Another study focused on physically inactive seniors. A total of 160 participants between 50 and 69 years of age underwent 12 weeks of High Intensity Training (HIT); the first results of this yet unpublished study showed an improvement in retinal vascular parameters after the program. According to the speaker, this analysis is sensitive to the effect of treatment strategies and can also document the success of an ADAM strategy (aggressive decrease of atherosclerosis modifiers, a combination of diet, exercise and medication) in cardiovascular high-risk patients.

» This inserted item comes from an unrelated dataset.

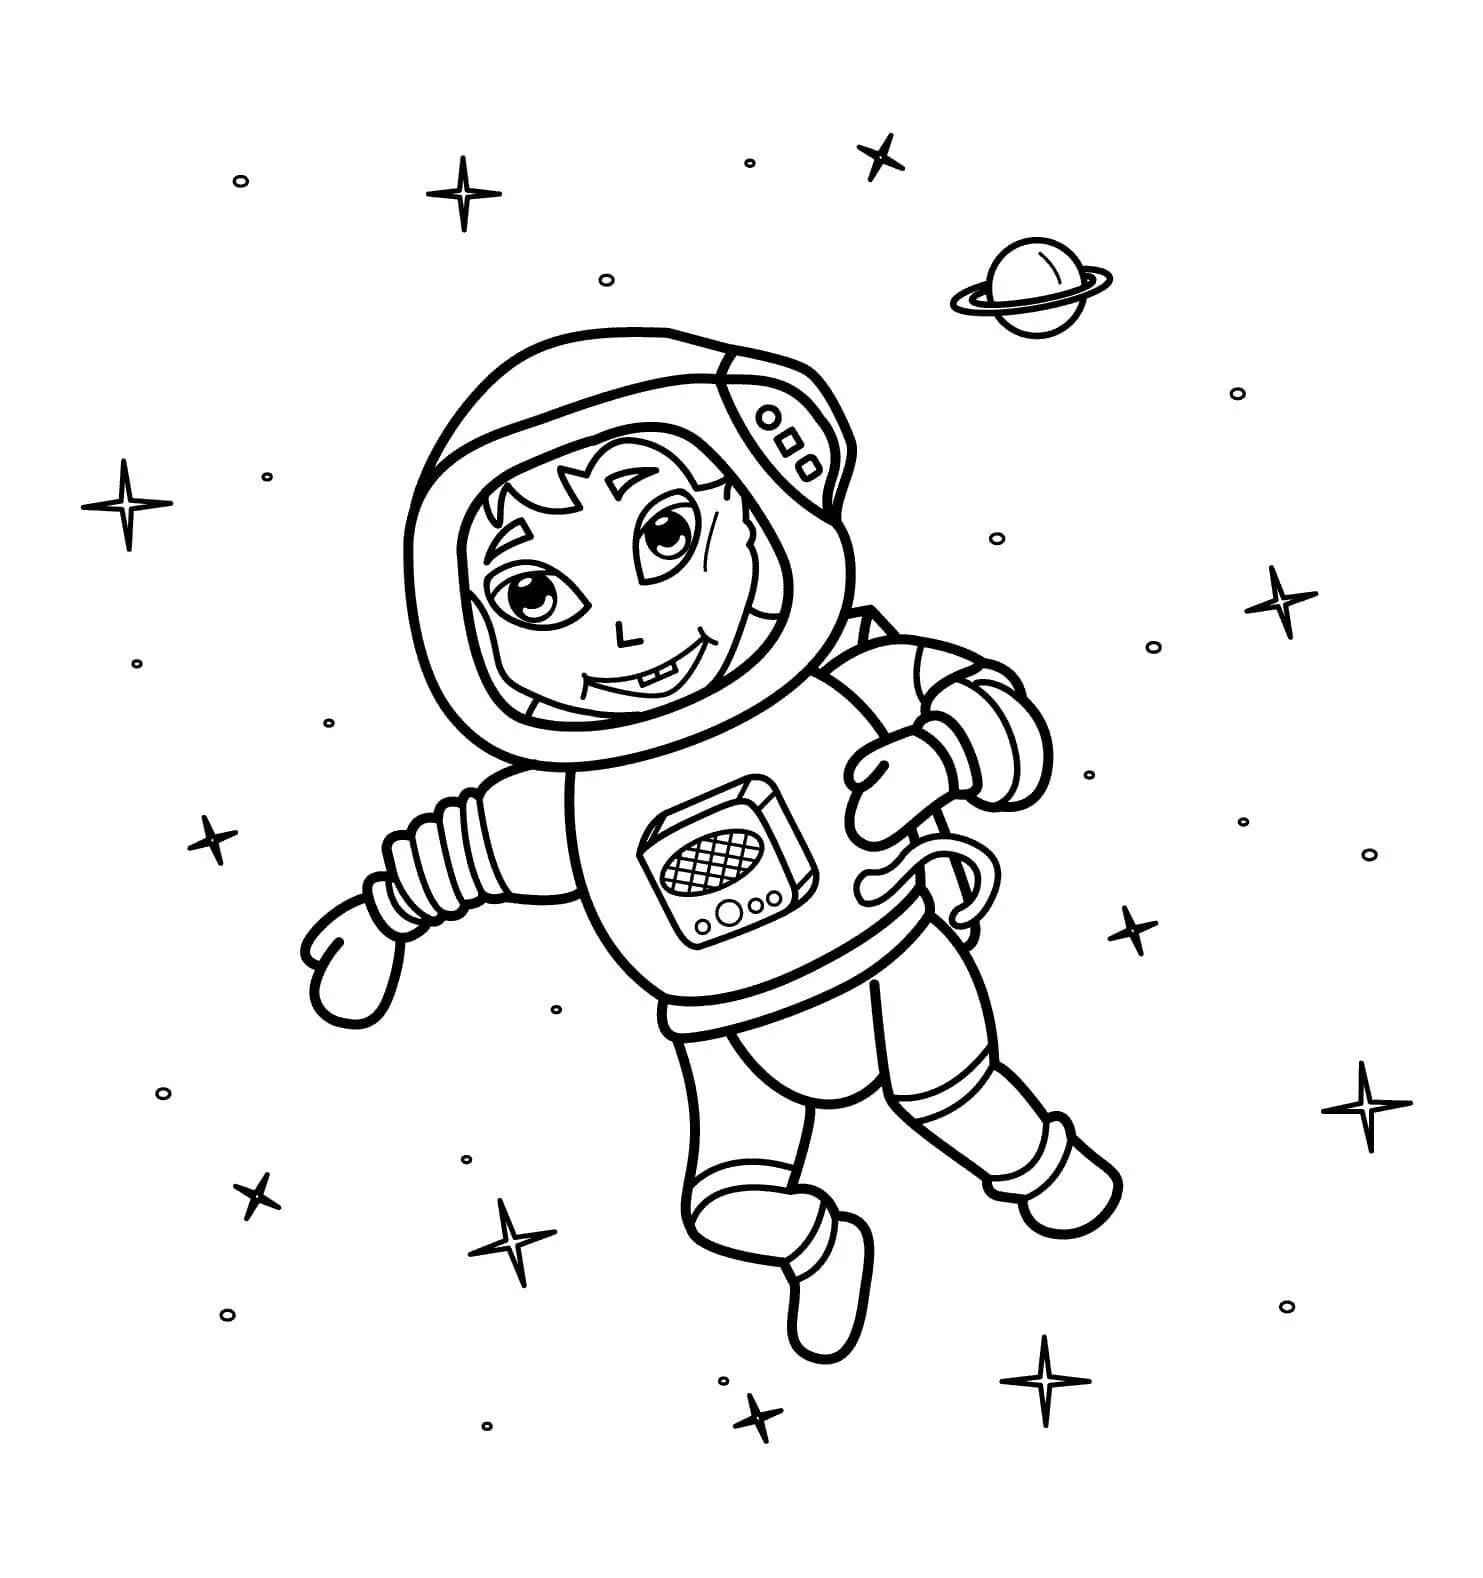 Космонавт раскраска для детей. Космос раскраска для детей. Раскраска про космос и Космонавтов для детей. Космонавт для раскрашивания для детей. Космонавт раскраска для детей 4 5 лет
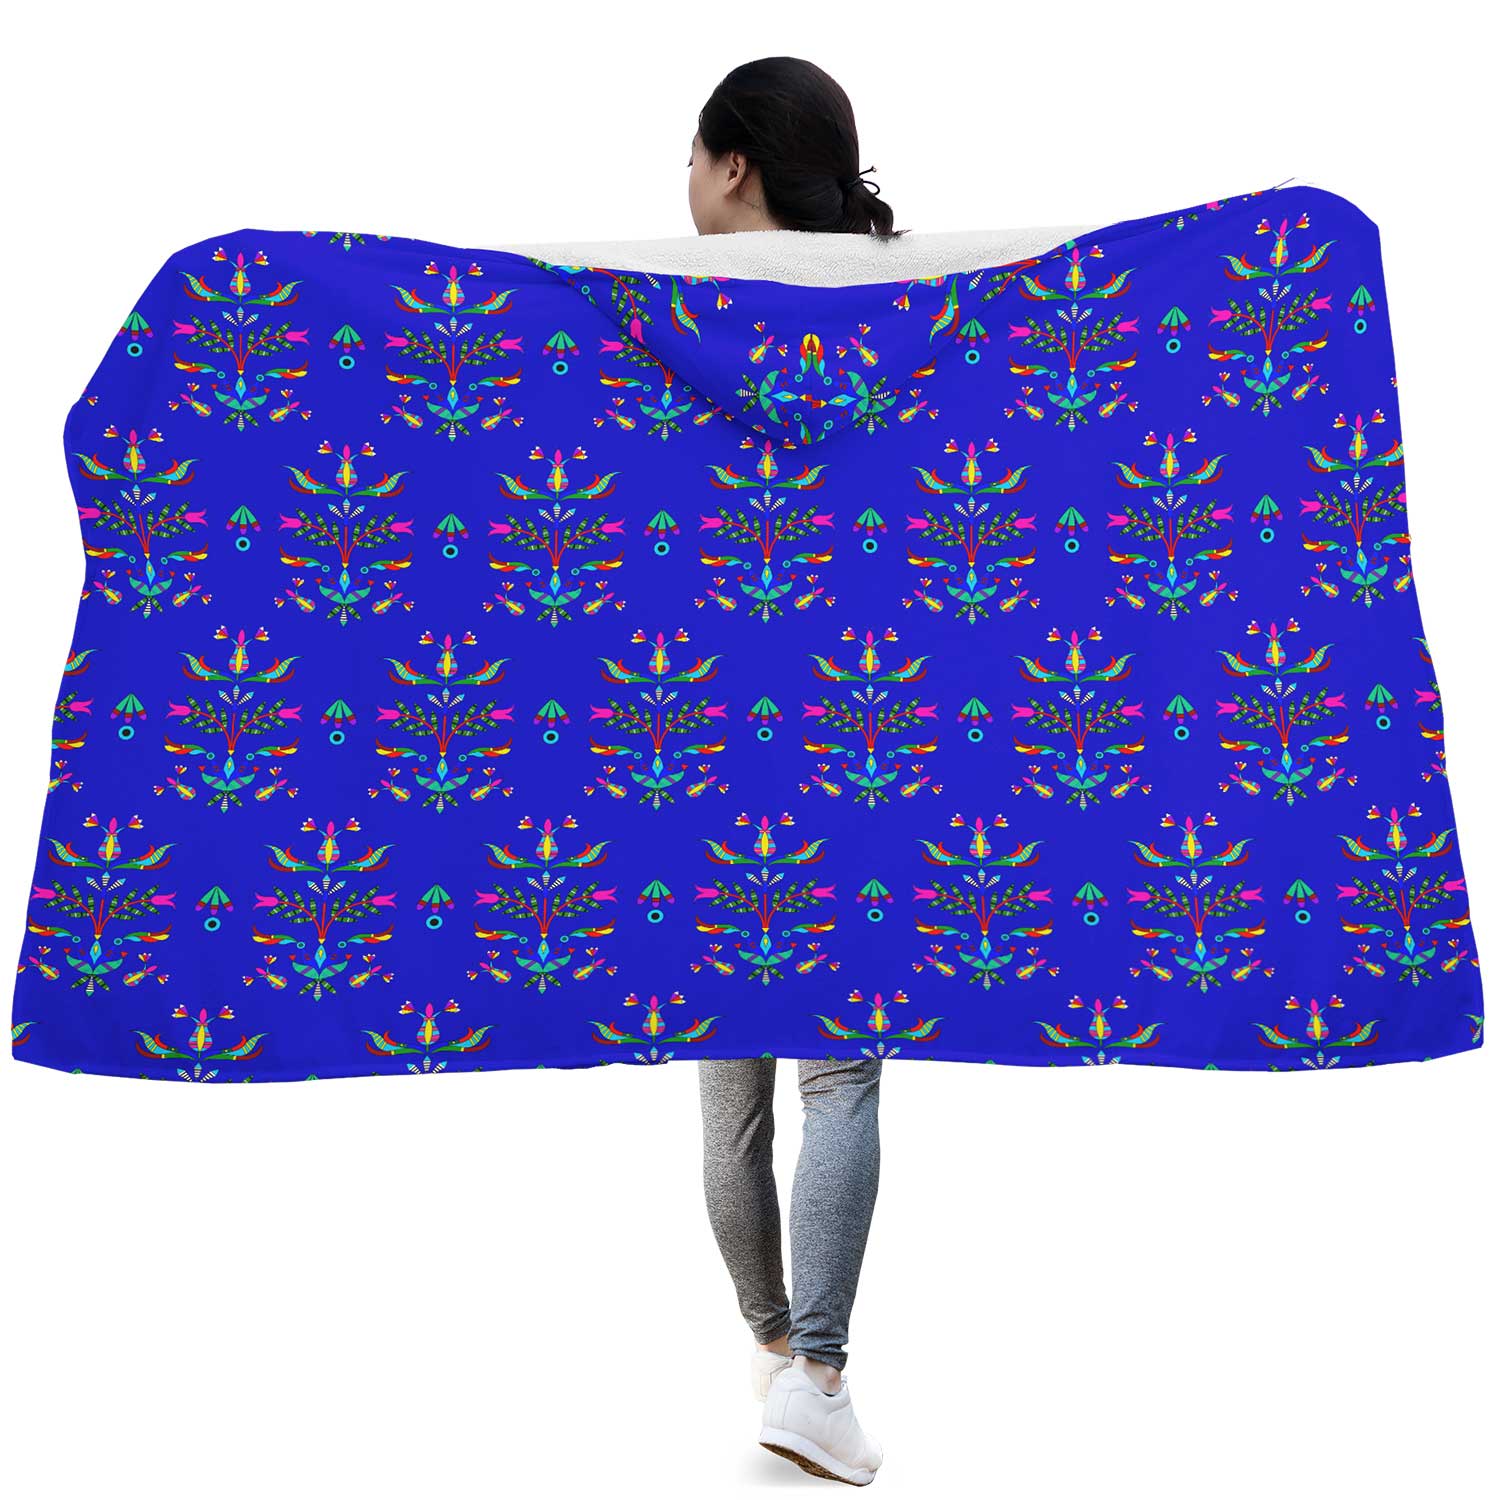 Dakota Damask Blue Hooded Blanket

Dr. Matthias Nägele from the Department of Internal Medicine (Baden CH) documented in patients with a well-adjusted, compensated heart failure a significantly reduced flicker-induced arteriolar dilatation in the retina, without clear changes in the width of brachial arteries after stimulation. This points, according to Nägele, to a limited microvascular endothelial function in patients with a normal macrovascular endothelial function. The reduction in venous flicker-induced dilatation compared to dilatation in healthy individuals was associated with echographic evidence of left ventricular stiffness and pulmonary hypertension. An important cardiovascular risk factor, hypercholesterolemia, was also associated with a significant reduction of flicker-stimulated arteriolar dilatation. According to Nägele, retinal vascular analysis may be a useful tool for cardiologists to assess the success of vascular-targeted therapies in patients with heart failure.